__YOUR GOAL__
What is needed is an exact copy of the whole listing below, with no pictures.
-------- DATA EXTRACT --------
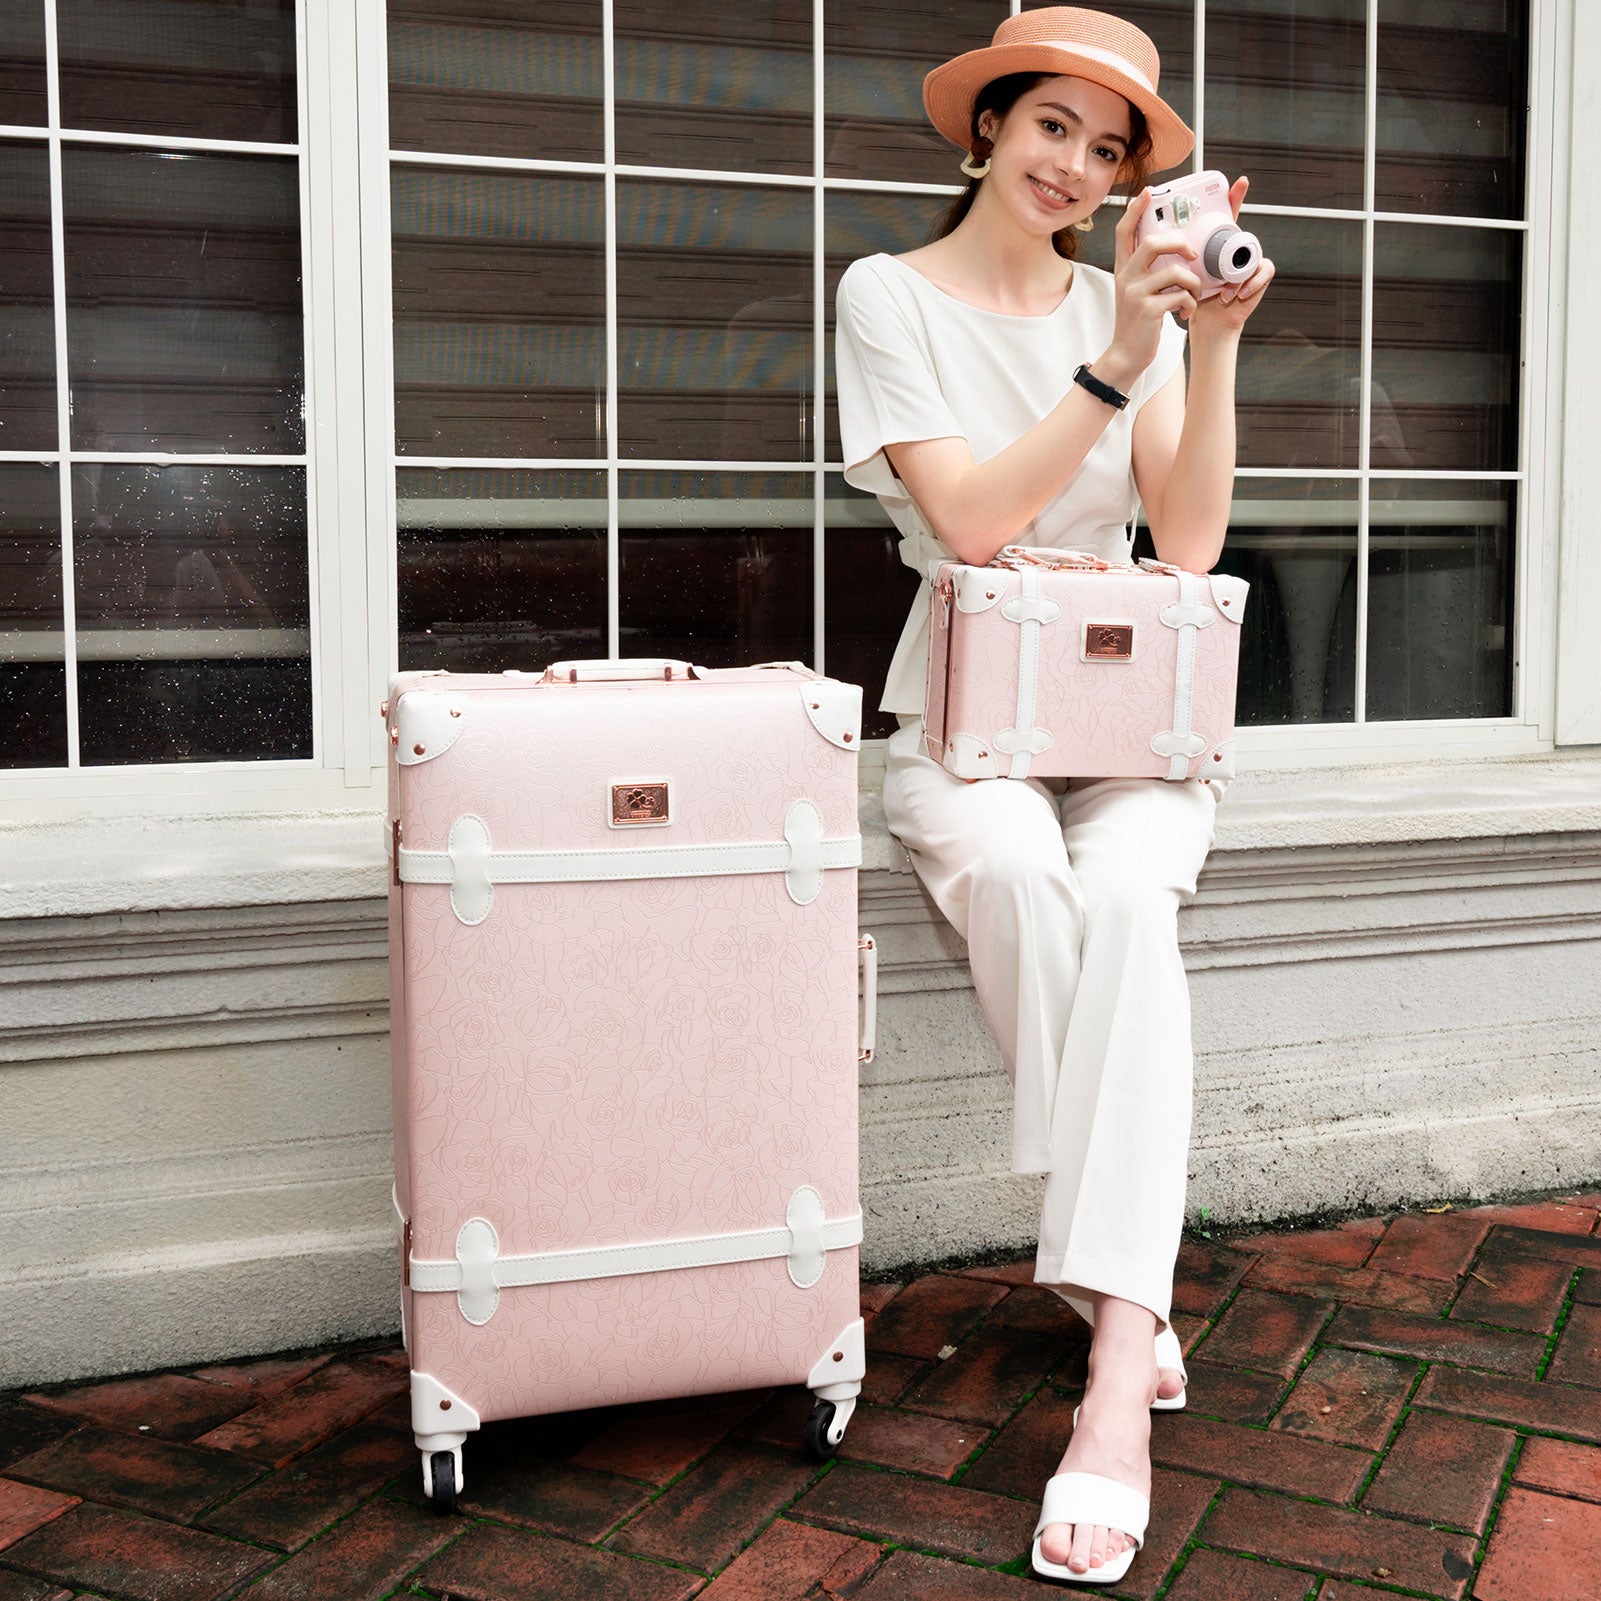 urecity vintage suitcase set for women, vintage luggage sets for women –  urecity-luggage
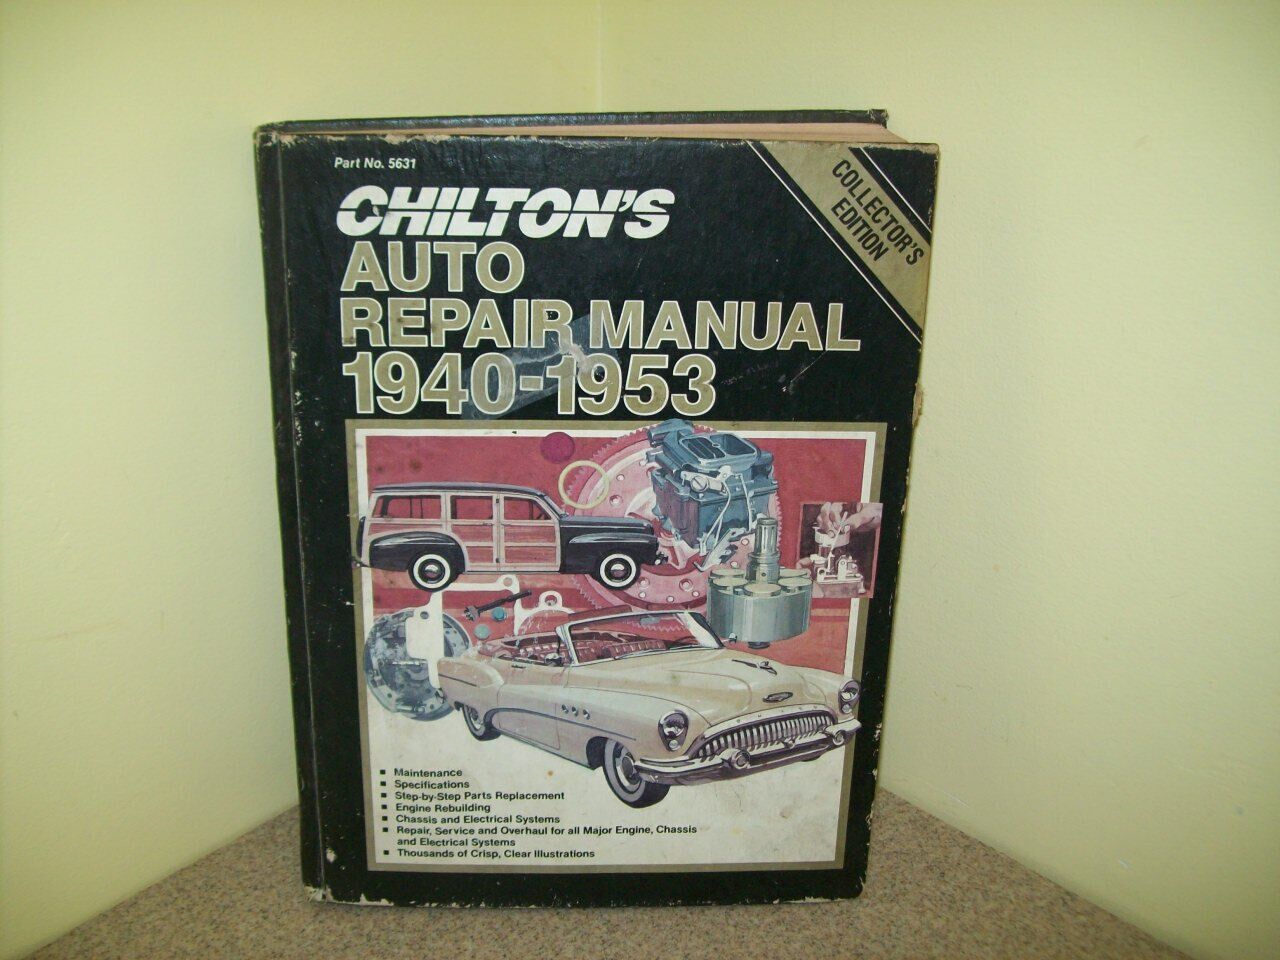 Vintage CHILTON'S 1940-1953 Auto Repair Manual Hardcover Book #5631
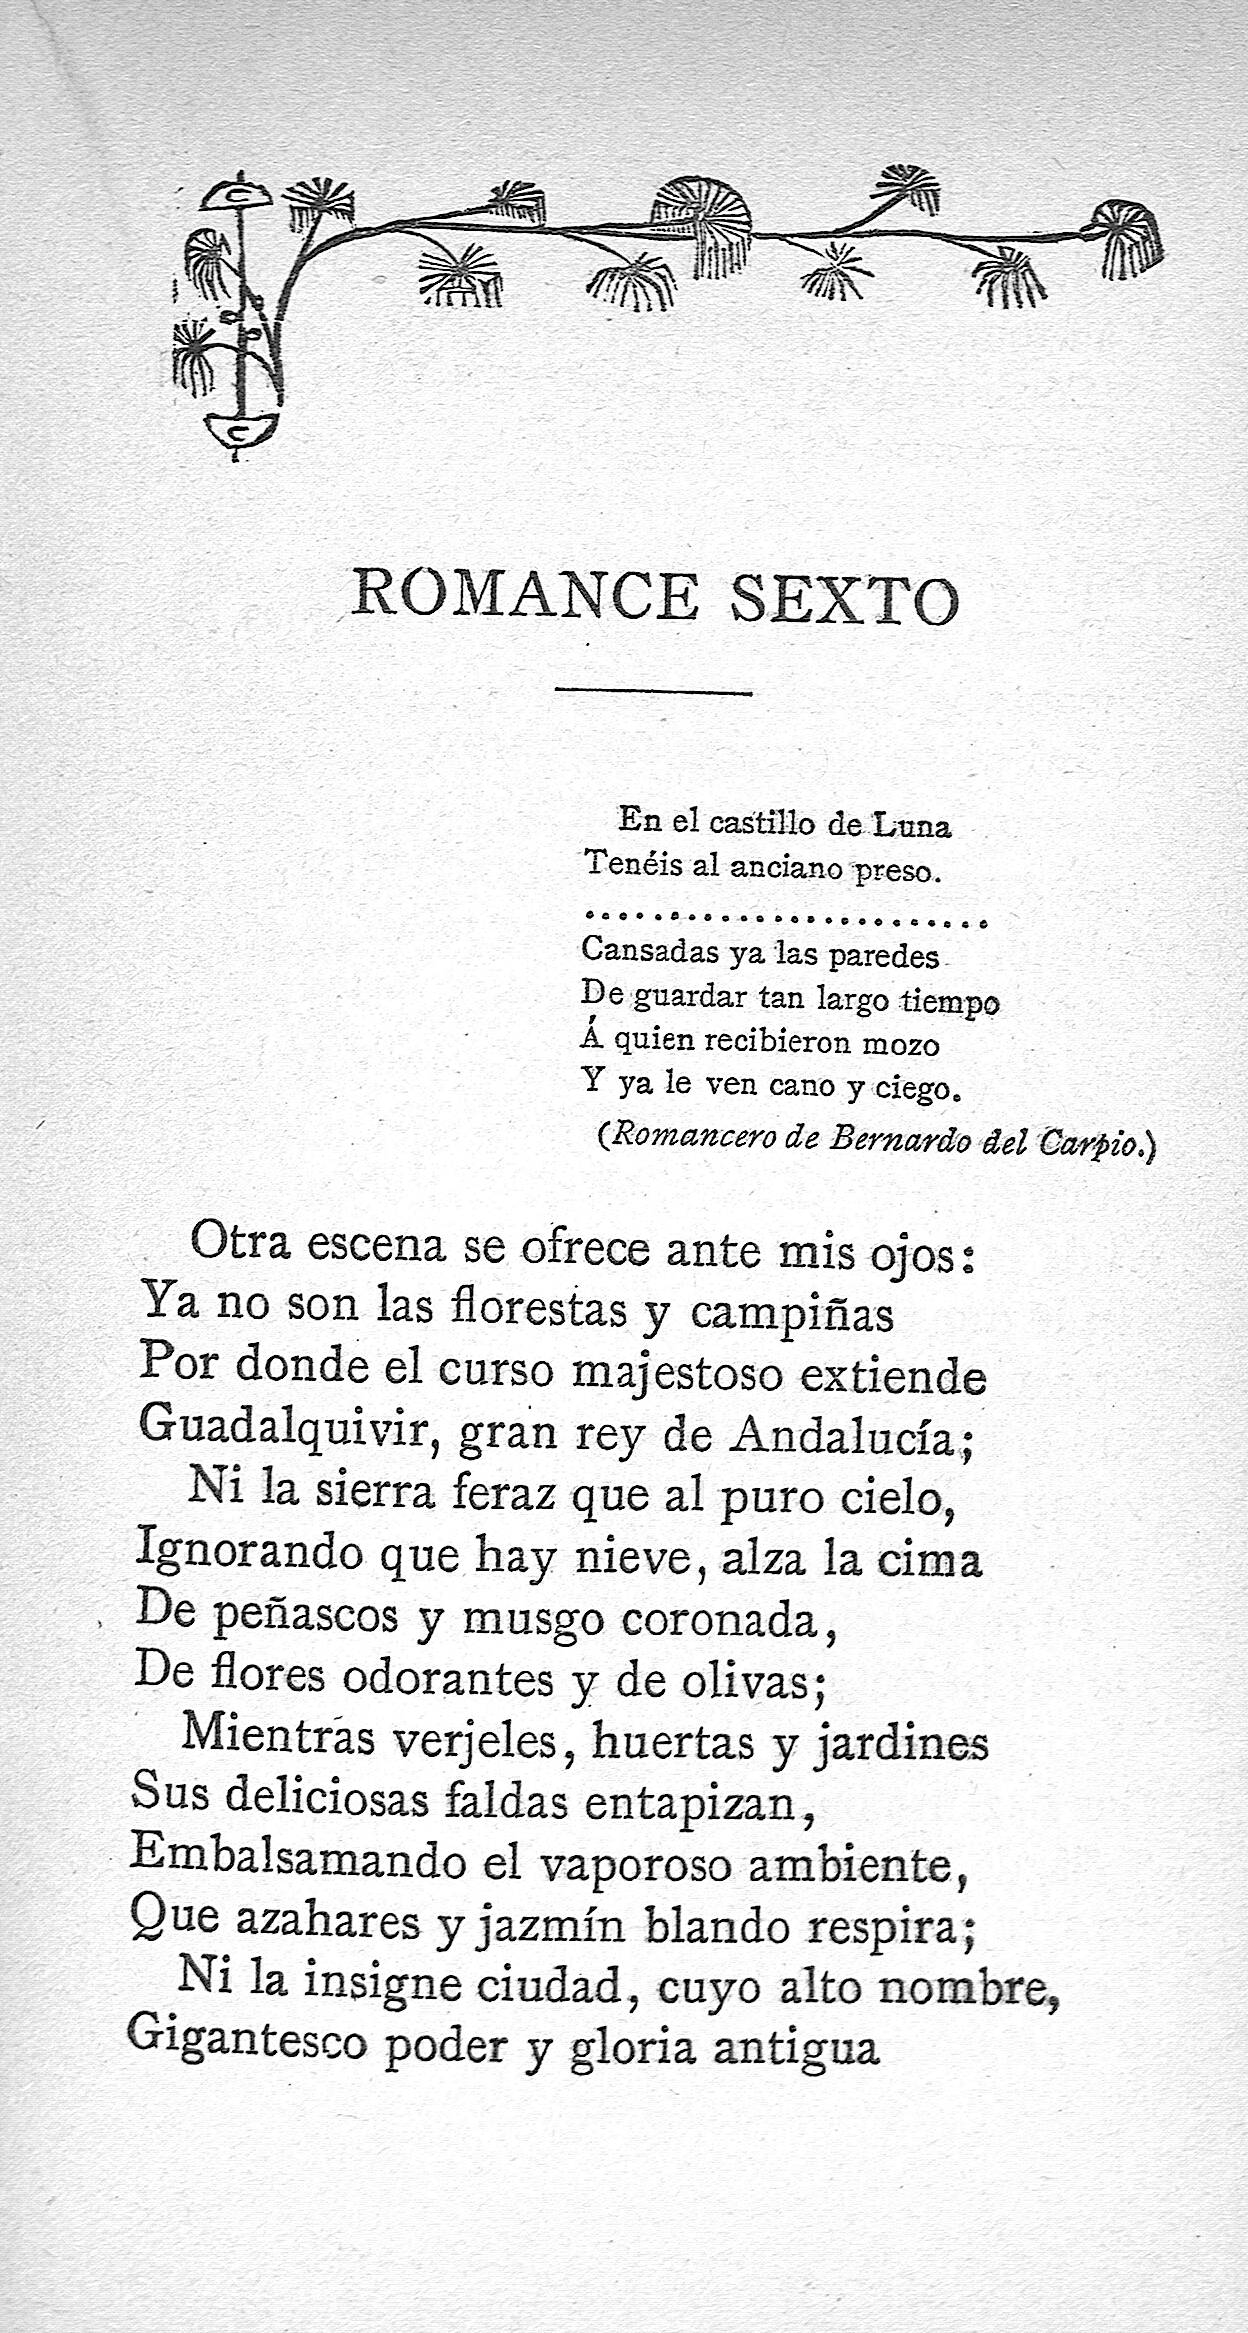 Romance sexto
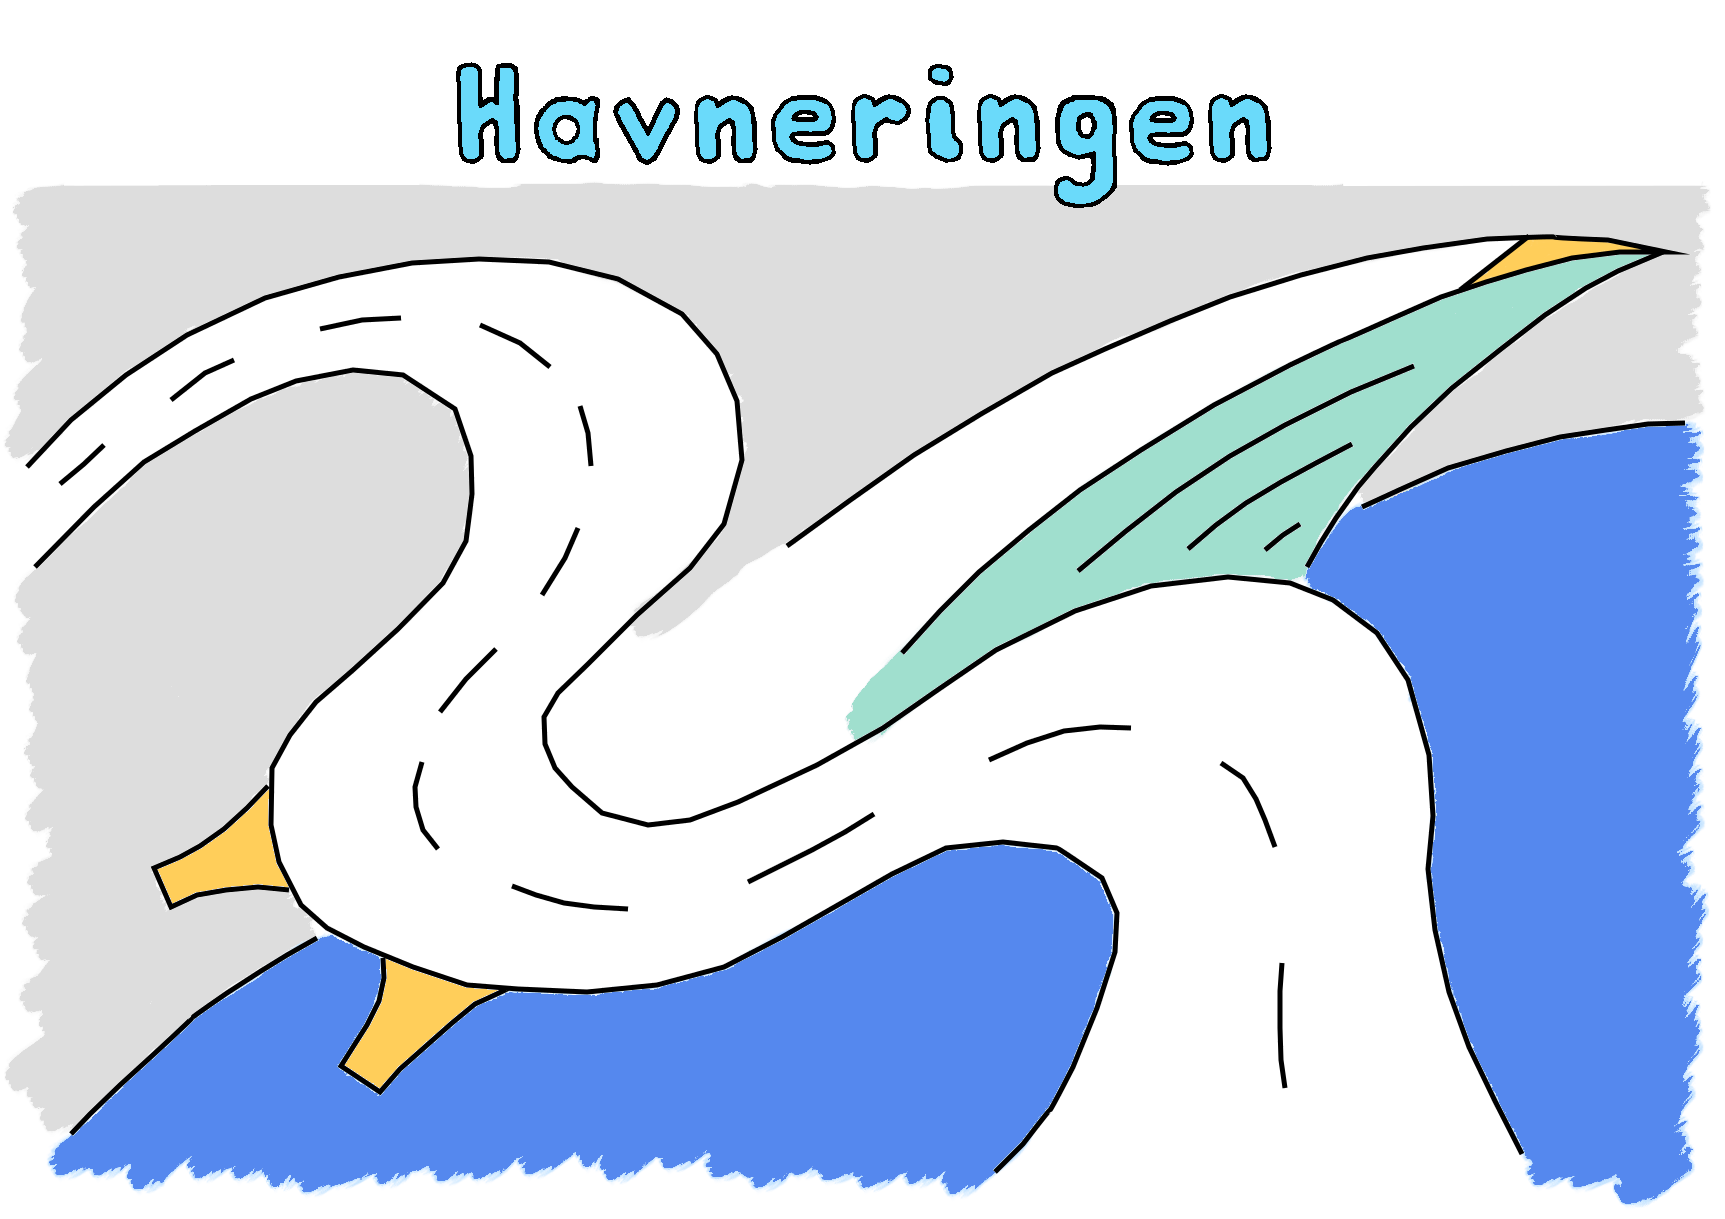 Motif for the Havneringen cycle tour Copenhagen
--------
__EXERCISE OUTPUT__
 urecity vintage suitcase set for women, vintage luggage sets for women –  urecity-luggage
 Vintage CHILTON'S 1940-1953 Auto Repair Manual Hardcover Book #5631
 Romance sexto
 Motif for the Havneringen cycle tour Copenhagen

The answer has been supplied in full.